Skerries Mills and Where to Eat: A Practical Food Guide
Skerries Mills, the two windmills, watermill, bakery and cafe, plus where to actually eat and drink in the town, from the harbour seafood to the cafes and old pubs.
Skerries has two things going for it food-wise: a genuinely unusual heritage site with a working bakery and cafe at its centre, and a small town that punches above its size for places to eat, most of them looking out over the harbour. Here is how to do both in a day.
Skerries Mills
Skerries Mills is a community heritage centre right in the middle of the town, and it is an odd and good one. It holds two windmills and a watermill together on one site, with a mill pond, mill races and wetlands around them. It is described as the only place in Europe with two windmills, a watermill and a bakery all in the one spot, which gives you a sense of how unusual the collection is.

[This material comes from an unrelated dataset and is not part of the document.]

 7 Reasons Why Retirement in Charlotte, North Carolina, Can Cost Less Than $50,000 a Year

The history runs deep. Stone-ground milling in Skerries goes back to the early 16th century, when the land belonged to the Augustinian priory of Holmpatrick, which already counted a watermill among its holdings. A lease from 1578 records that a windmill had been built by the last quarter of that century. The larger windmill, the Great Windmill of Skerries, came later, was badly damaged by storms in the 1840s, and was rebuilt as a five-sail mill that ended up on holiday posters for the town. What you see today is a restored complex bringing the five-sail windmill, four-sail windmill, watermill and bakery of the 1800s back to working order.
Milling carried on into the early 20th century, and a bakery that existed by the 1840s kept producing bread and confectionery until the mid-1980s. The Mill Bakery still bakes daily, which is the part that matters most if you are hungry.
The Watermill Cafe
The Watermill Cafe on the site is the easy lunch or coffee stop, known for its scones, cakes, tarts and traybakes, with the bakery doing the heavy lifting. You can sit in for homemade food without needing a tour ticket.

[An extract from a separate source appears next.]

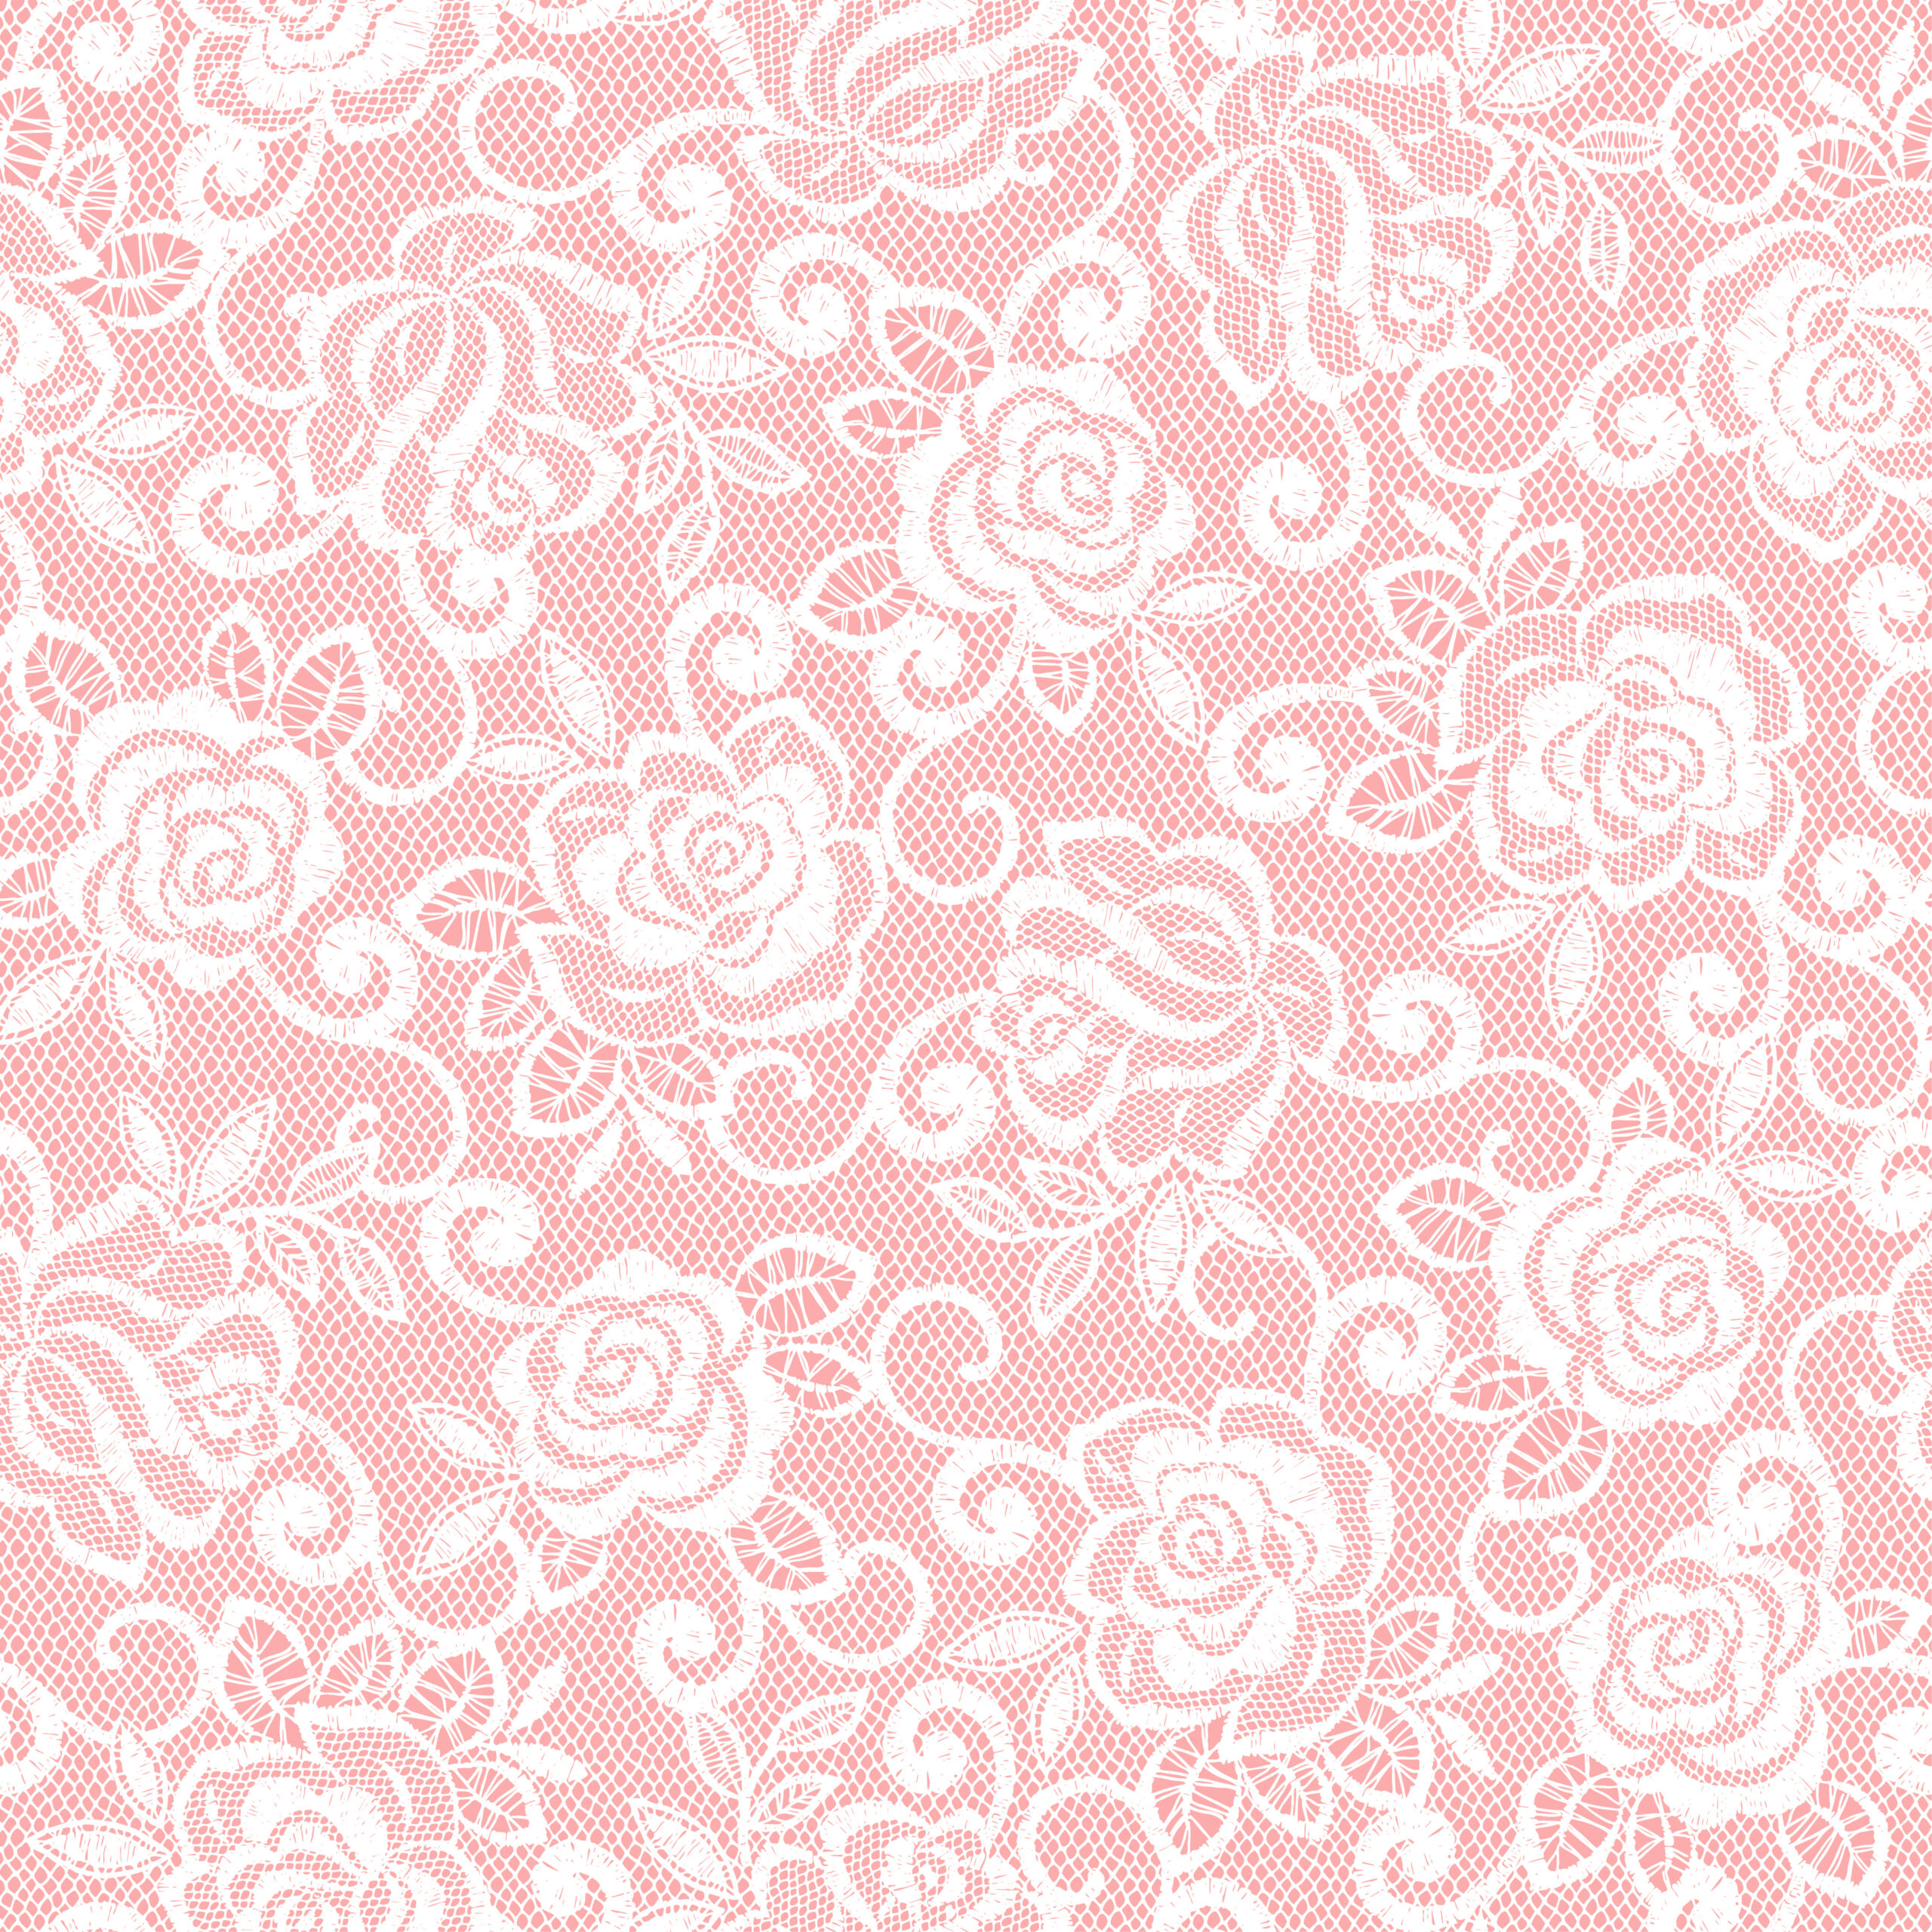 I made a seamless race pattern with the rose,

Access to the mills themselves is by guided tour only, and the tours run daily and take around 50 minutes. Booking is recommended. Opening hours are roughly 10am to 5.30pm from April to September and 10am to 4.30pm from October to March, with closures over the Christmas and New Year period. Check current times and tour availability before you go rather than relying on those exactly.
Down at the harbour
The harbour is where the town eats out. Stoop Your Head is the well-known one, a family-run seafood spot right on the harbour, with fish dishes that have won it awards over the years, including a Best Gastro Pub in Leinster nod in 2018. Expect things like seabass, prawns, mussels and crab claws, and expect it to be busy; it is popular for a reason. It generally opens daily from around noon, but check ahead.

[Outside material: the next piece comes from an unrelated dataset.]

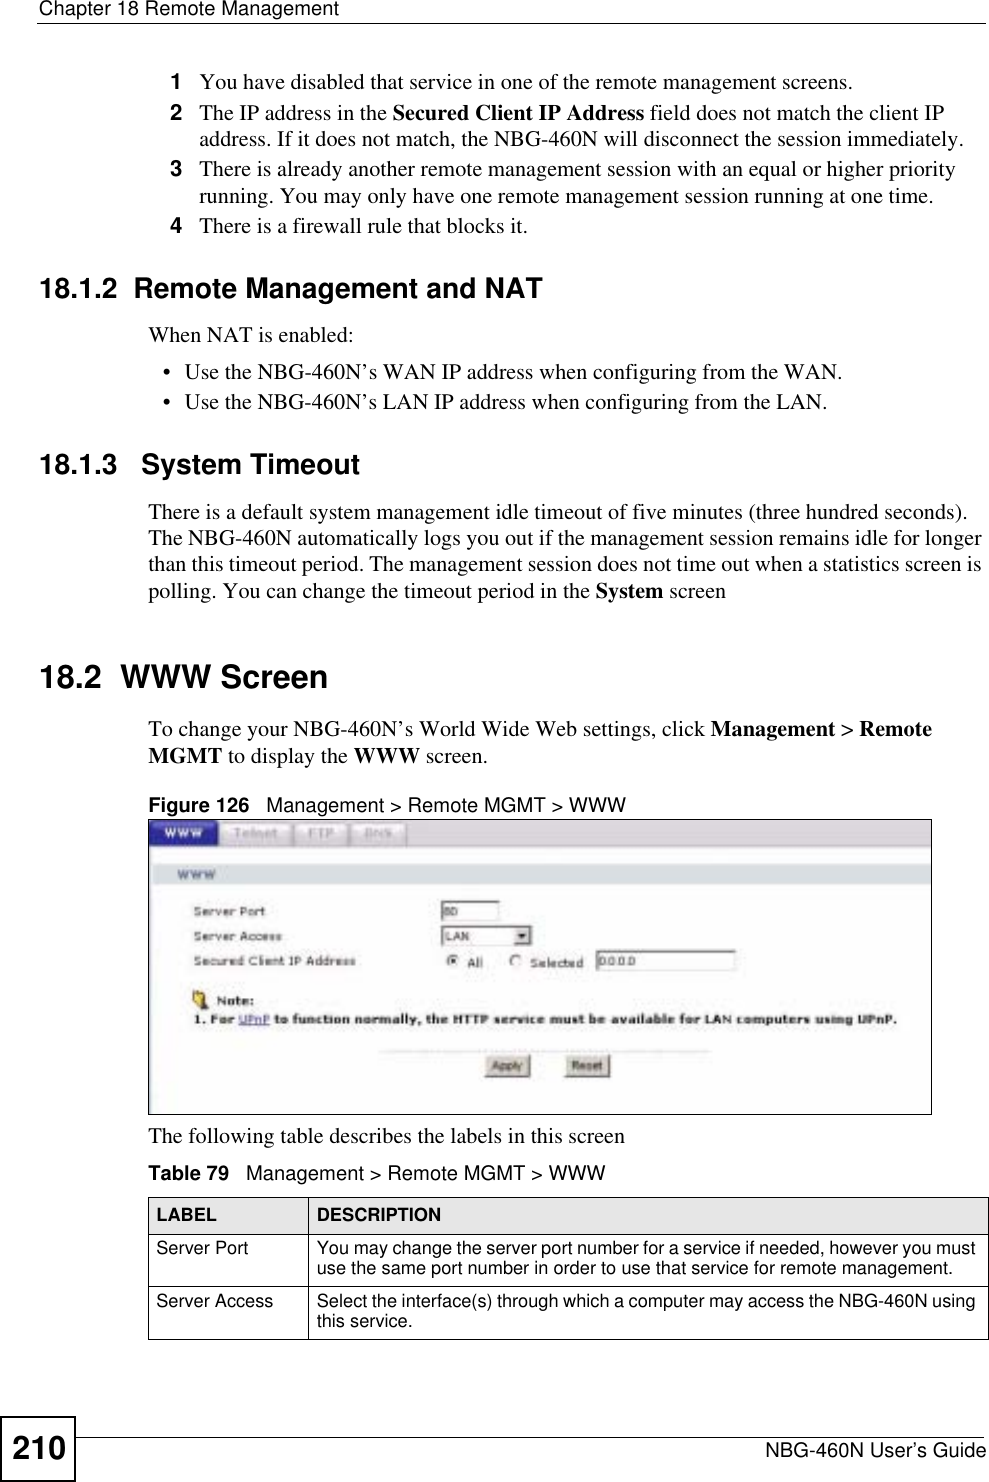 Chapter 18 Remote ManagementNBG-460N User’s Guide2101You have disabled that service in one of the remote management screens.2The IP address in the Secured Client IP Address field does not match the client IP address. If it does not match, the NBG-460N will disconnect the session immediately.3There is already another remote management session with an equal or higher priority running. You may only have one remote management session running at one time.4There is a firewall rule that blocks it.18.1.2  Remote Management and NATWhen NAT is enabled:• Use the NBG-460N’s WAN IP address when configuring from the WAN. • Use the NBG-460N’s LAN IP address when configuring from the LAN.18.1.3   System TimeoutThere is a default system management idle timeout of five minutes (three hundred seconds). The NBG-460N automatically logs you out if the management session remains idle for longer than this timeout period. The management session does not time out when a statistics screen is polling. You can change the timeout period in the System screen18.2  WWW ScreenTo change your NBG-460N’s World Wide Web settings, click Management &gt; Remote MGMT to display the WWW screen.Figure 126   Management &gt; Remote MGMT &gt; WWW The following table describes the labels in this screenTable 79   Management &gt; Remote MGMT &gt; WWWLABEL DESCRIPTIONServer Port You may change the server port number for a service if needed, however you must use the same port number in order to use that service for remote management.Server Access Select the interface(s) through which a computer may access the NBG-460N using this service.

Nearby on the harbour you will find places like The Brick House, doing tapas with an Irish slant, and 5Rock, a grill house cooking over charcoal and a wood-fired grill. Between them the harbourfront covers seafood, sharing plates and proper grilled meat within a short walk.
Cafes and a sweet stop
Olive is one of the town's better-regarded cafes, the sort of place doing good coffee, melts, smoothies and pies in a cosy room, and it is a reliable daytime stop away from the harbour crowds. Down by the harbour, Storm in a Teacup is the spot for ice cream and crepes if you are after something sweet with a sea view.
The old pubs
For a pint with some history behind it, Joe May's on Harbour Road is the one to know. It first opened in 1865 and is still run by the May family generations on, one of the older family-owned pubs in the Dublin area, with a proper local feel and live music. It is the kind of pub that makes a town rather than just sits in it.
A simple day of it
Coffee and a scone at the Watermill Cafe, a tour of the mills if you have booked one, a walk down to the harbour, seafood at Stoop Your Head or a grill at 5Rock, an ice cream from Storm in a Teacup, and a pint in Joe May's to finish. That is Skerries doing what it does well, and none of it asks you to go far. As always, check current opening days and hours before you build your day around any one place.